„Ich halte das für untragbar“
ORF-Chefredakteur Fritz Dittlbacher hält seiner Mannschaft gegen FPÖ-Angriffe die Stange. Dass nach einer Recherchepanne „Unvollständigkeiten“auf Sendung gingen, bedauert er dennoch.
ORF- Chefredakteur Dittlbacher über den Clinch mit der FPÖ und Facebook-Drohungen.

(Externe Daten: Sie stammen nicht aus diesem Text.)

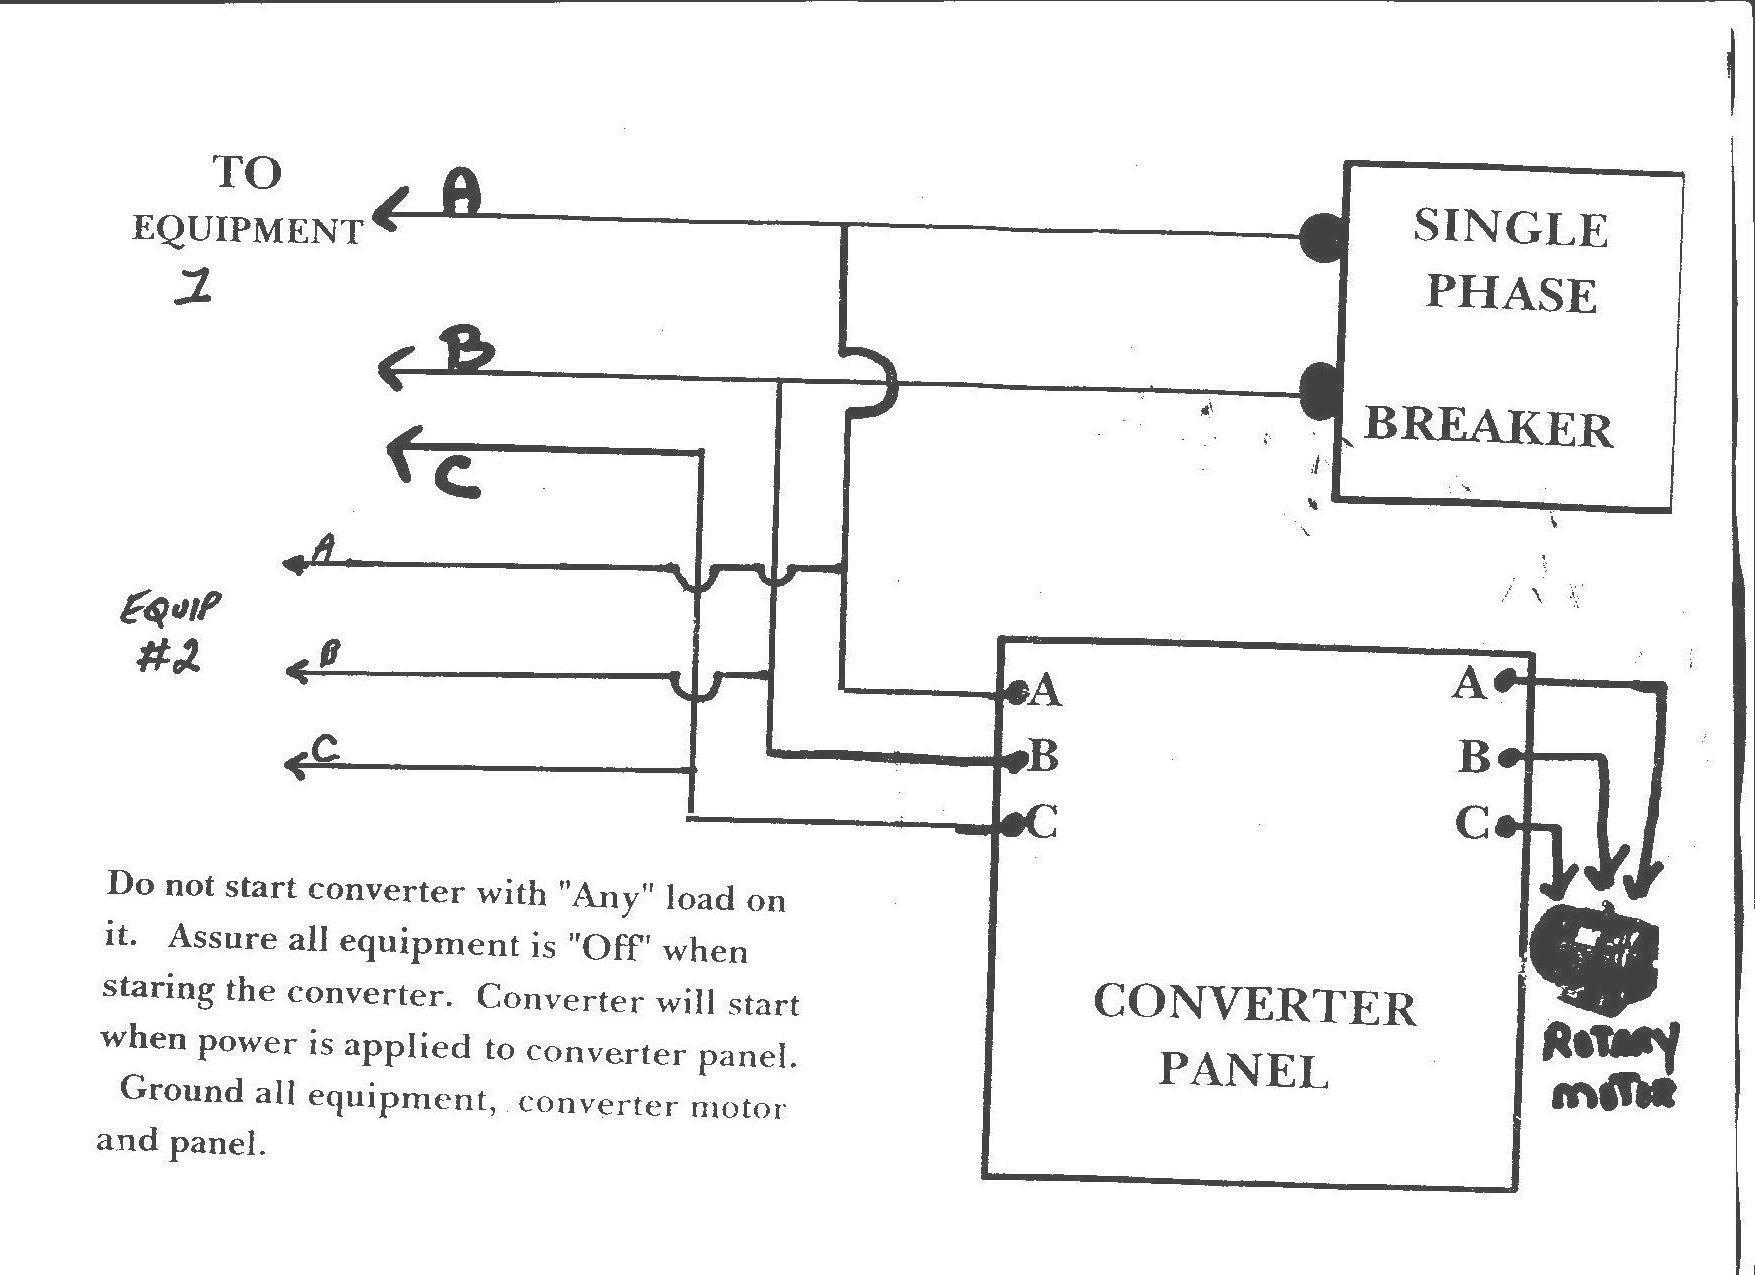 [FPWZ_2684]  Ronk Wiring Diagram - 1968 Chevy Starter Wiring Diagram for Wiring Diagram  Schematics | Arco Rotary Phase Converter Wiring Diagram |  | Wiring Diagram Schematics

Die Bundespräsidentenwahl markierte einen neuen Tiefpunkt im Verhältnis zwischen ORF und FPÖ. Nach einem Recherchefehler beim „TV-Duell“zur Israelreise Norbert Hofers geriet der ORF vier Tage vor dem Urnengang argumentativ in höchste Nöte. Der Chefredakteur des aktuellen Dienstes, Fritz Dittlbacher ist also mit drängenden Fragen zur ORFBerichterstattung konfrontiert. Im KURIER-Interview nimmt er Stellung zu Versäumnissen und dem heiklen Umgang mit einer Partei, die alles andere als zimperlich ist. KURIER: Die Bundespräsidentenwahl ist geschlagen und für die FPÖ steht fest: Der ORF will uns verhindern. Haben Sie Verständnis für diese Wahrnehmung? Fritz Dittlbacher: Nein, dafür habe ich überhaupt kein Verständnis. Der ORF hat auch in diesem Wahlkampf wie in vielen davor gezeigt, dass sein Anliegen die möglichst umfassende Information ist und genau so haben wir es auch diesmal wieder gemacht. Wenn man sich die Aussendungen der FPÖ ansieht, dürfte das dort anders wahrgenommen werden. Dort wird das Thema ORF fast hysterisch behandelt. Am Tag nach dem letzten TV-Duell war von „Entgleisung“die Rede und Rücktritte von Ingrid Thurnher und ORF-Chef Alexander Wrabetz wurden gefordert.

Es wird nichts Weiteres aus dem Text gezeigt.